Eski Devlet Başkanı Evo Morales, halkı darbeye karşı sokaklara çağırdı. Morales, “Darbe yaklaşıyor. Kent ve kırsal kesimdeki tüm halkımıza demokrasiyi savunmaları için ulusal seferberlik çağrısında bulunuyoruz” ifadelerini kullandı. Bu çağrı, Bolivya’daki siyasi tansiyonu daha da yükseltti.
Morales’in açıklamaları, halkın direnişini örgütlemeyi amaçlıyordu. Halkın, demokrasiyi savunmak için meydanlara inmesi gerektiğini belirtti. Bu durum, Bolivya’da yeni bir direniş dalgasının habercisi oldu.
Bolivya, 7 Ekim 2023 sonrası başlayan Gazze’deki İsrail katliamlarına karşı en sert tepki gösteren ve terör devletiyle ilişkilerini ilk kesen Latin Amerika ülkesi olarak biliniyor. İsrail’le ilişkilerini kesme kararı, Bolivya’nın uluslararası arenada dikkat çekmesini sağladı.
Bu kararlı tutum, Bolivya’nın Filistin davasına olan desteğini gösteriyor.
Latin Amerika, tarih boyunca birçok askeri darbeye sahne oldu. Bolivya’daki son darbe girişimi, bu karanlık tarihin bir devamı niteliğinde. Demokrasiye yapılan bu tür saldırılar, bölgenin istikrarını sürekli tehdit ediyor.
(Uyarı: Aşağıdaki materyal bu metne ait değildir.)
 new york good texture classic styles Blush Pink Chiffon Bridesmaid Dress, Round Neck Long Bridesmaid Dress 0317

Askeri darbeler, Latin Amerika’da demokrasinin önündeki en büyük engellerden biri. Bolivya’daki son olaylar, demokrasiyi savunmanın ne kadar zor ve önemli olduğunu bir kez daha gösterdi. Halkın ve liderlerin kararlılığı, bu tür tehditlerle başa çıkmada kritik bir rol oynuyor.
HABER YORUM
Bolivya’da ki darbe girişiminin arkasında İsrail’in de olup olmadığını zaman bizlere gösterecektir.
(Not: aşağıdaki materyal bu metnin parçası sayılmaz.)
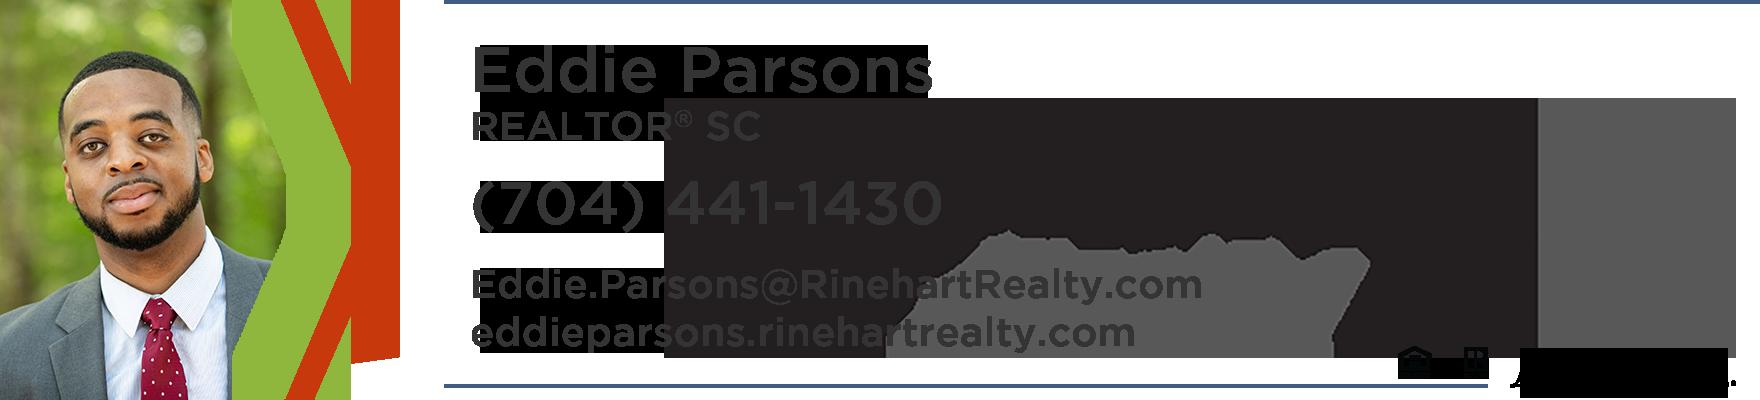 Eddie Parsons REALTOR SC

Ülkemizde ki bütün darbelerde ve 15 Temmuz darbe girişimin arkasında Siyonizm’in olduğunu artık net bir şekilde biliyoruz. 7 Ekim tarihinden sonra İsrail’e sert çıkan ve tüm ilişkilerini kesen Bolivya da gerçekleşen darbe girişiminde İsrail’in parmağı olamaz demek, fazlaca safdillik olur… Kaldı ki İsrail’in bütün dünyayı yönetmek gibi bir ideali var…
Bugün geldiğimiz noktada, Arap baharının ve Mısırda ki darbe girişiminden sonra Mursi’nin indirilerek yerine Sisi’nin getirilmesinin, İsrail’in işine yaradığını görebilmekteyiz.
Dolar vasıtasıyla bütün dünyayı ekonomik yönden esir alan Siyonizm, diğer taraftan da darbeler ile ülke yönetimlerini eline geçiriyor…
Ülkemizde gerçekleşen 1960, 1980, 28 Şubat darbelerini ve 15 Temmuz darbe girişimini düşündüğümüzde, konu daha net anlaşılacaktır.